One thing I do have to talk about every day is my blood sugar levels, so let’s start there. Yesterday was not the best day. I’ve been allowing myself to enjoy cookies and ice cream as of late. But, I’m also making a rule where I’m going to try to not each anything each day until my sugar is below 130. If that means I have to fast until later in the day, then I will do.
Also, let’s make Sunday be our weekly check-in day. My average blood sugar range was a little high this week. Honestly, I’ve let myself go a bit because I just got my A1C reading. I know I shouldn’t, but we all do it. And, with the holidays, it’s bound not to be that easy the next few weeks.
My quarterly results are still good, though. The number is still going down, so if that’s the case, then I’m not going to worry too much about day by day, for now. I’m moving in the right direction!
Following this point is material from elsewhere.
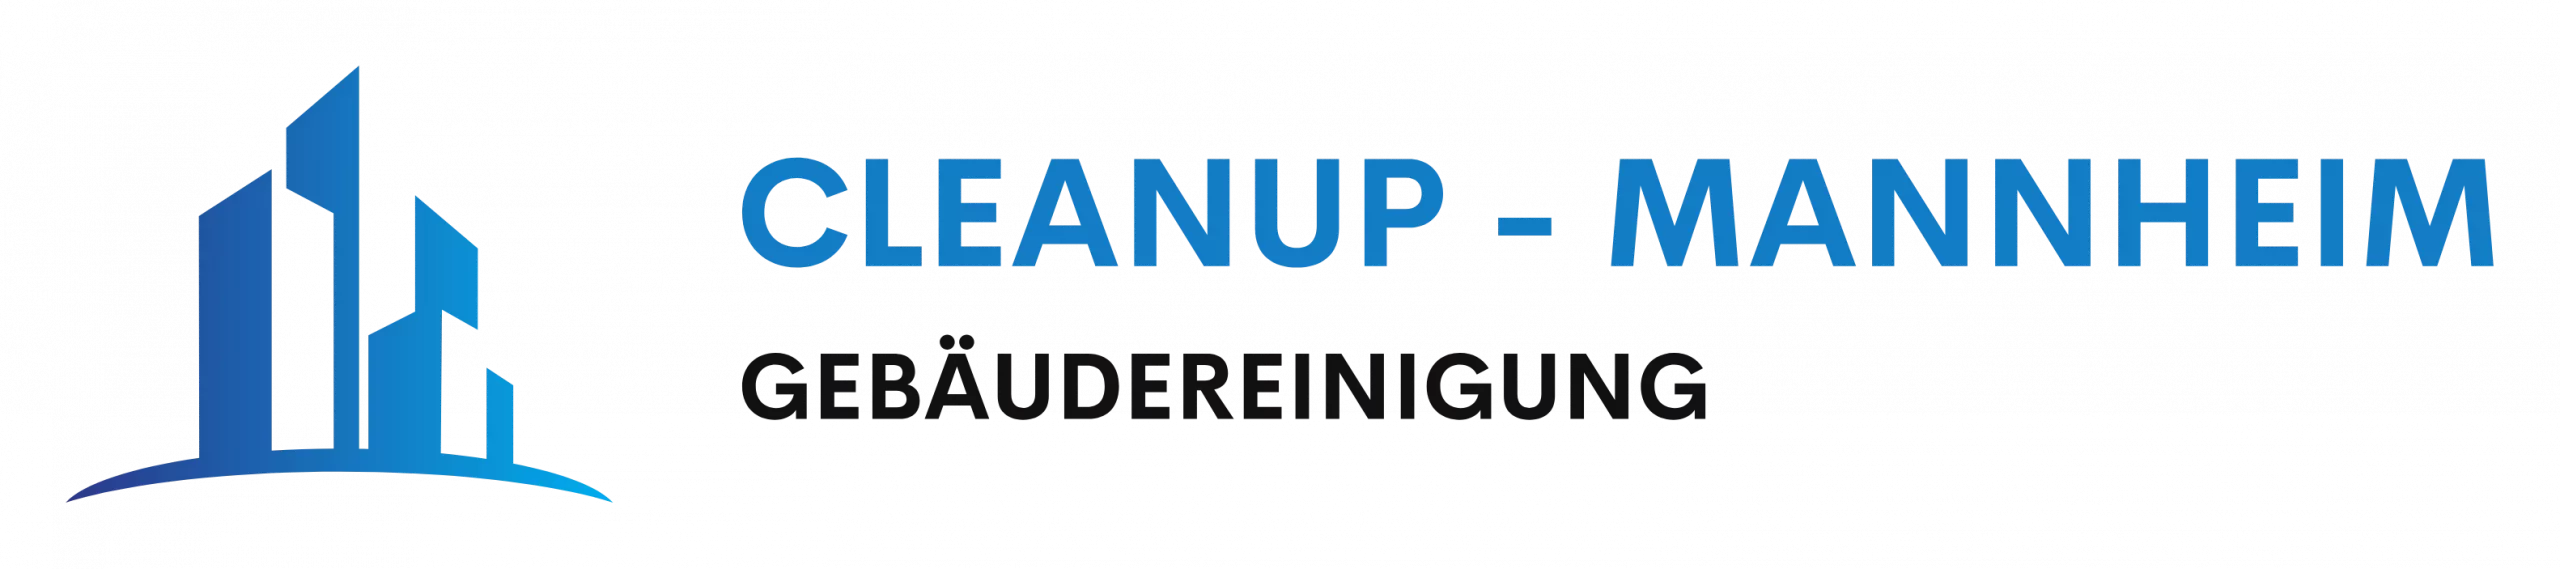 Cleanup Mannheim Logo
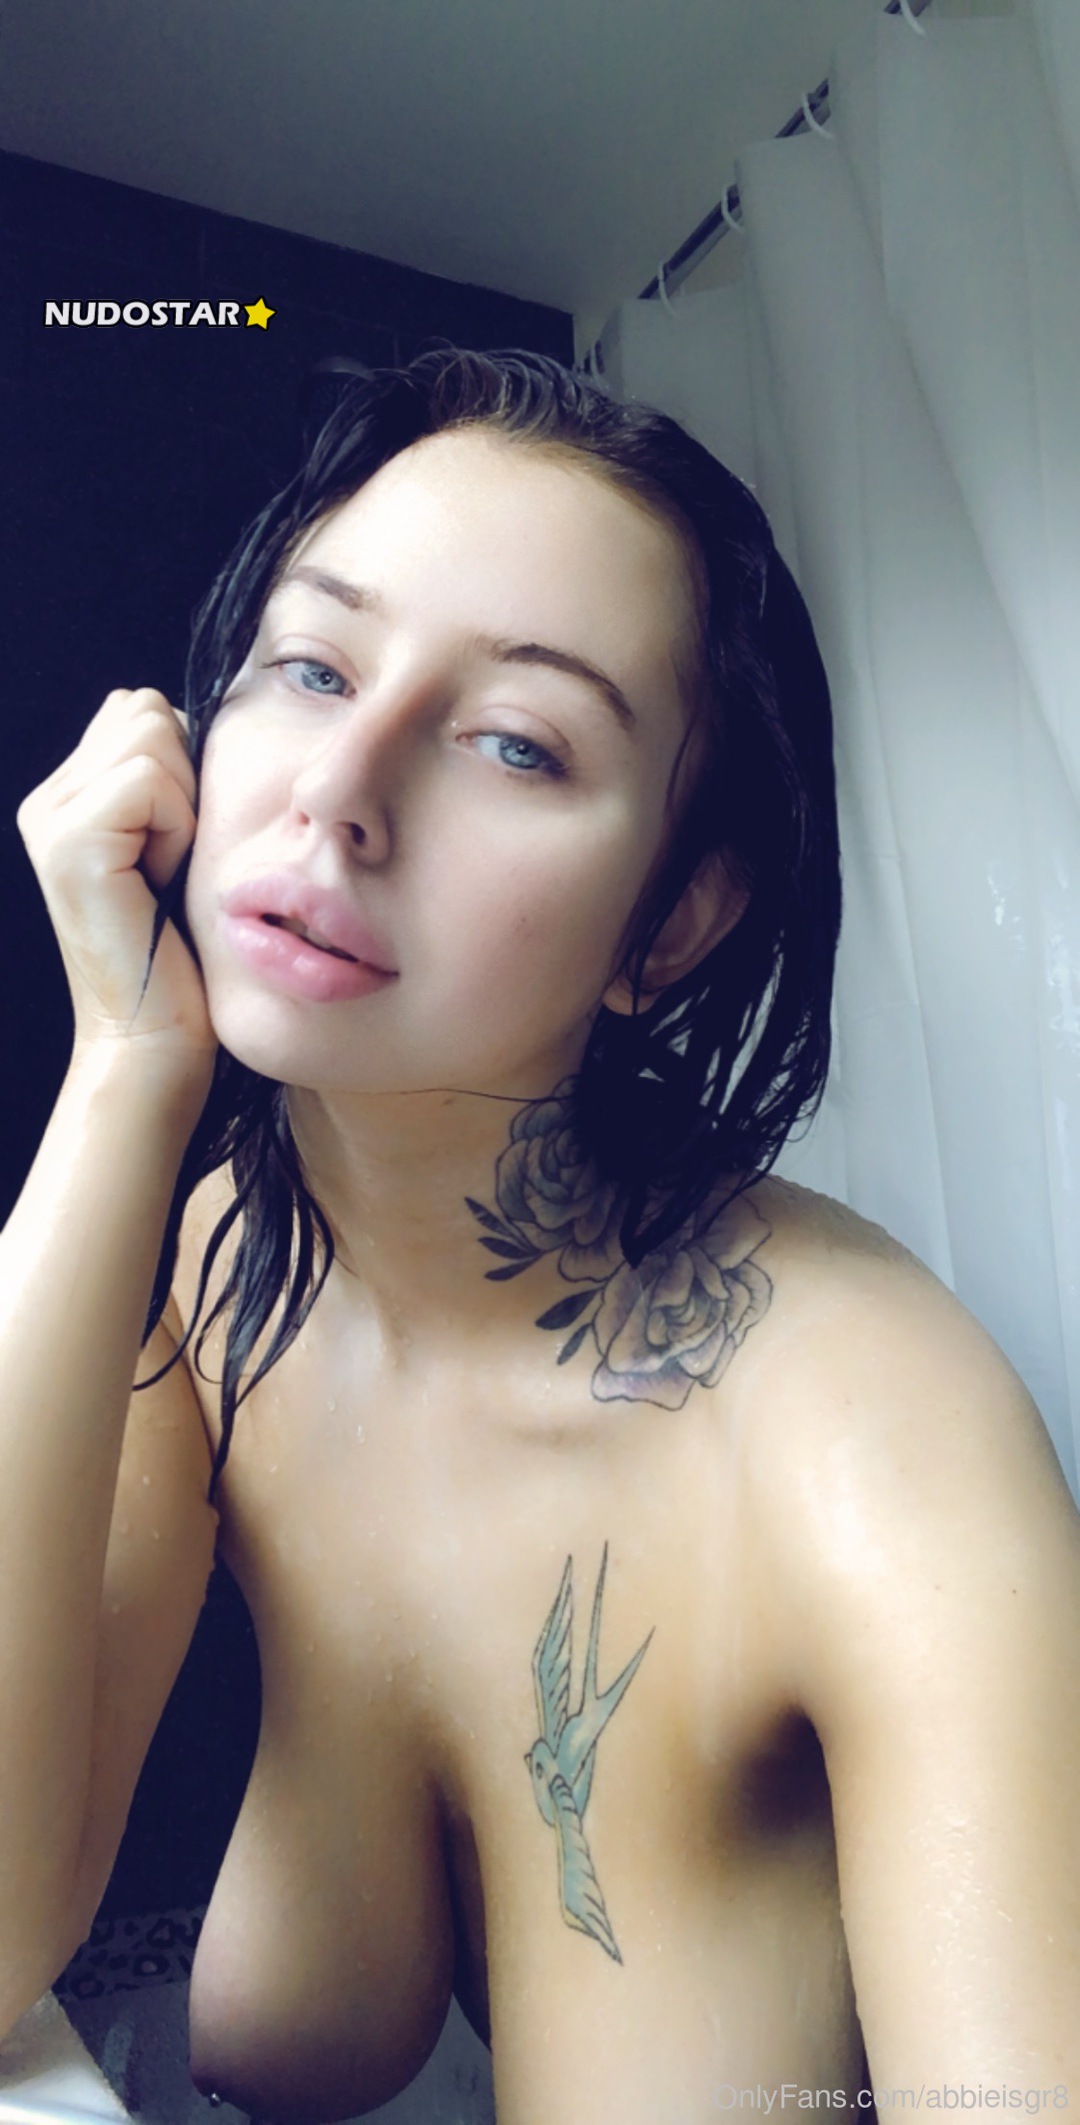 Abbie Mcgann – abbieisgr8 Onlyfans Nudes Leaks (152 photos + 4 videos)

I can tell you about this casserole I made yesterday. Before the night turned into a shit show of debauchery, I was trying to be good. I made this casserole by sautéing half an onion, two or three cloves of garlic in some olive oil, then I added three packages of frozen cauliflower rice and cooked it down. After that was done, I added cream cheese, sour cream, butter, and shredded cheddar and stirred that in. I then finished by adding two eggs that I had scrambled to the mixture. Then I added it to this pan, and I cooked it in the oven until the top was golden brown, about thirty minutes or so at four hundred degrees.